ISAAC NJAGI NJERU………………….…………….1ST RESPONDENT

APHIJA IGOKI NJERU………………………...……2ND RESPONDENT

R U L I N G

A. Introduction

1. This ruling pertains to the Amended Summons dated 18/10/2016, which seeks amongst others enjoinment of the applicants in this succession cause, review or setting aside of orders issued on the 28/06/2008, dismissal of the application dated 24/04/2008 and revocation of the grant of the letters of administration issued in this succession cause.

2. The applicants states that they are beneficiaries of the deceased in conjunction with the respondents.
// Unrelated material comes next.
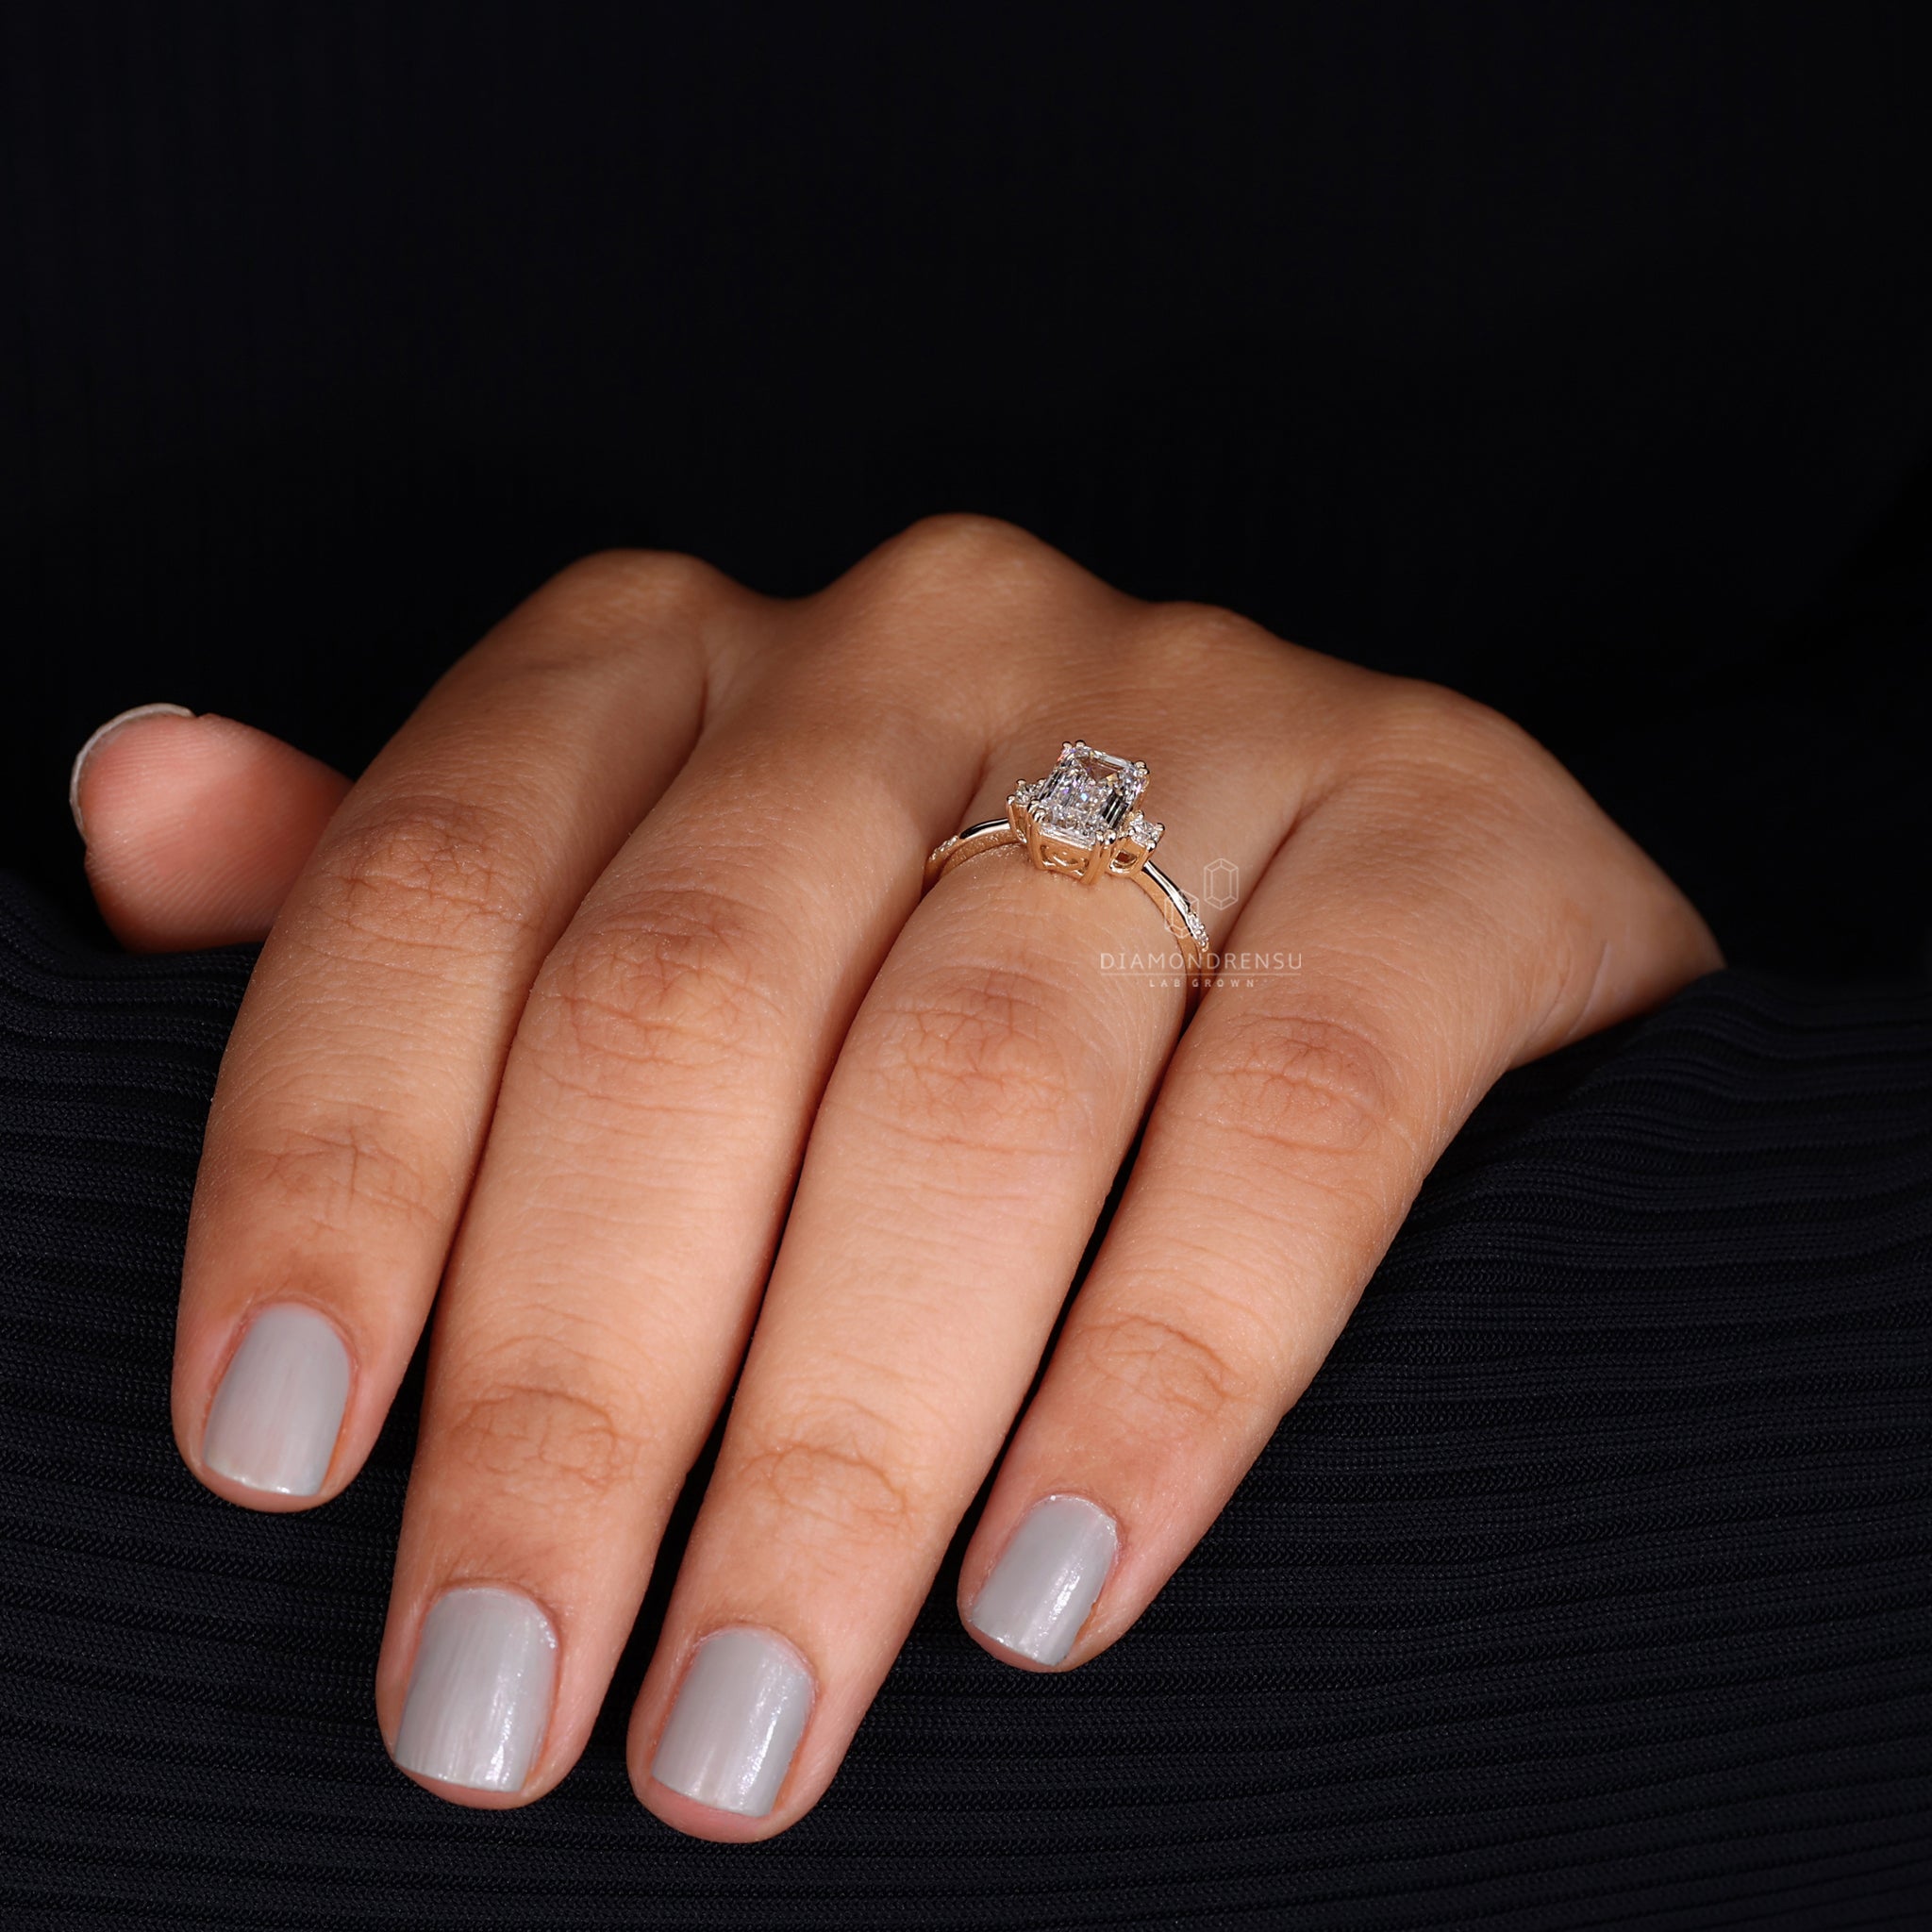 Model's hand gesturing with an emerald cut ring, emphasizing the stone's size and cut
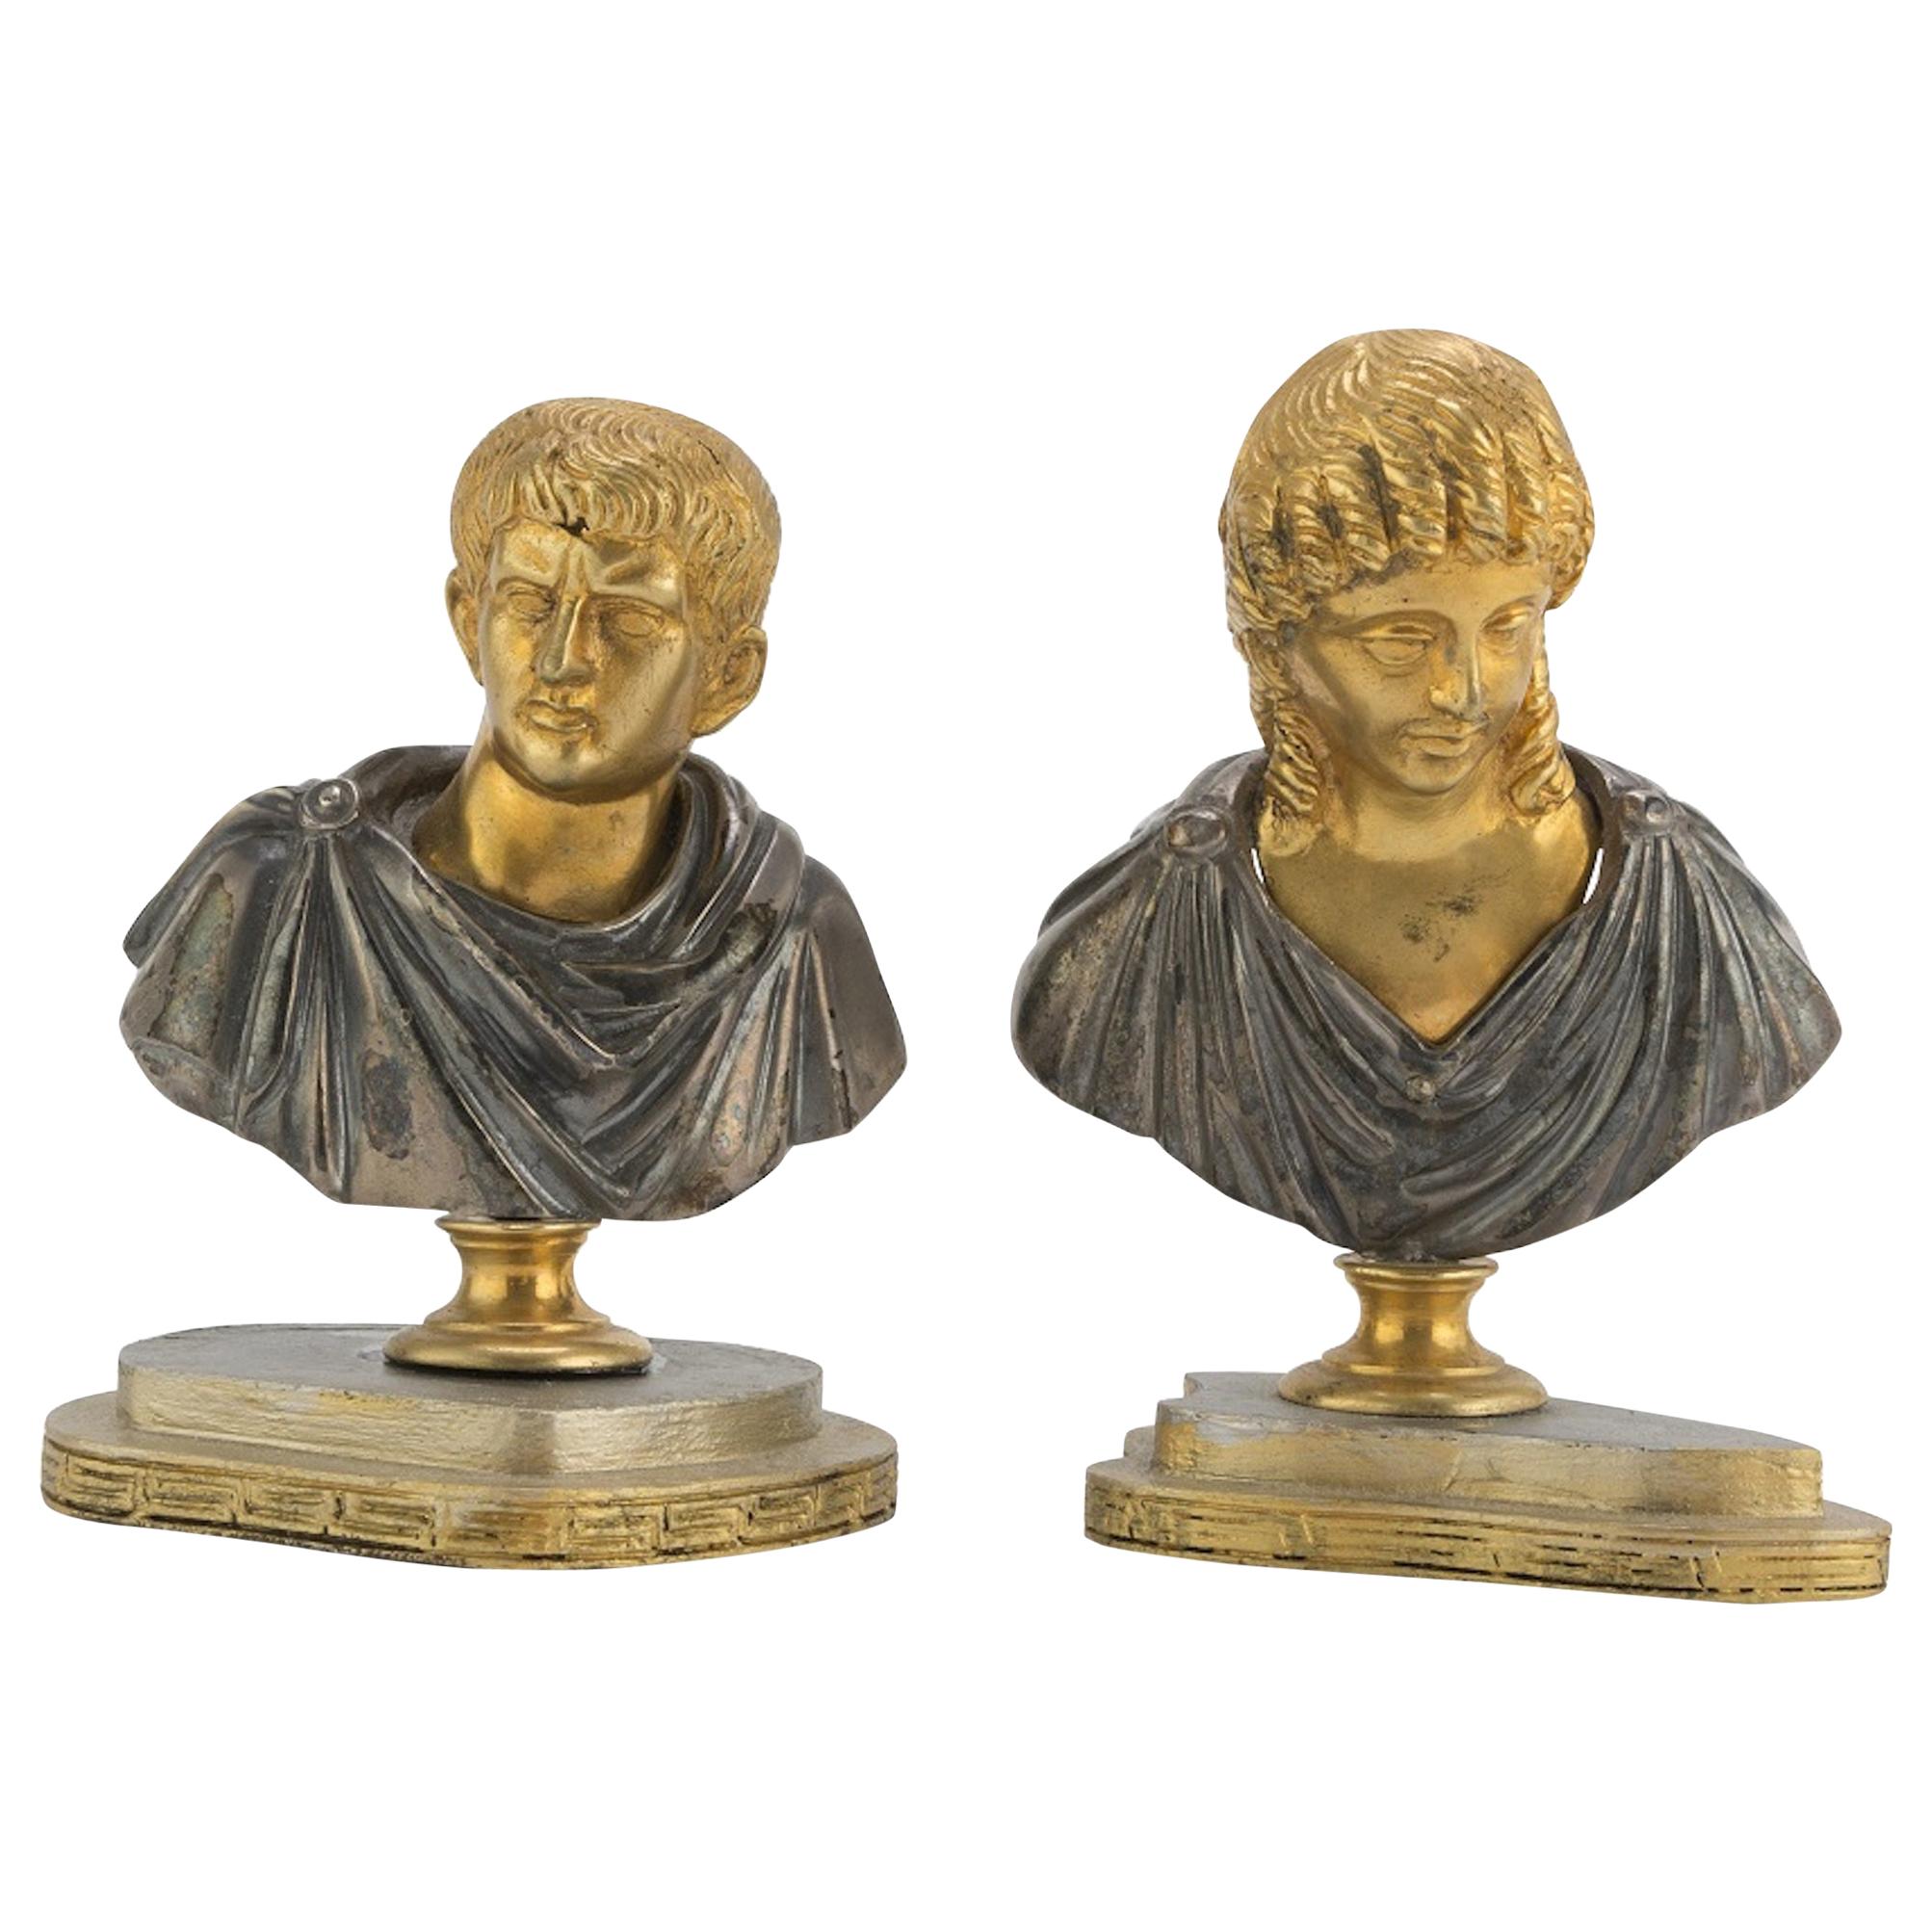 Pair of Bronze Busts by Anonymous Italian School, 19th Century

The applicants state that the 2nd respondent vide an application dated 27/02/1997 managed to secure court orders, issued on the 11/04/2007, that were to the effect that the suit property Kyeni/Mufu/1964 be subdivided into three (3) portions consisting of 3. 40 acres for each house of the deceased.

3. The applicants’ further state that they were never parties to any application for confirmation of grant and neither were they aware of the proceedings that led to the subdivision of the suit property.

4. In rejoinder, the 2nd respondent filed a replying affidavit dated 13/2/2017 in which she stated that she was a daughter in-law to the 1st wife of the deceased and that she was bequeathed the share of the suit property of the eldest wife. It is her case that the 1st respondent is the biological brother to the applicants who kept them abreast of the proceedings in this succession cause and further that the applicants and the 1st respondent being children of the deceased 2nd wife were entitled to their share of the deceased’s estate bequeathed to their mother.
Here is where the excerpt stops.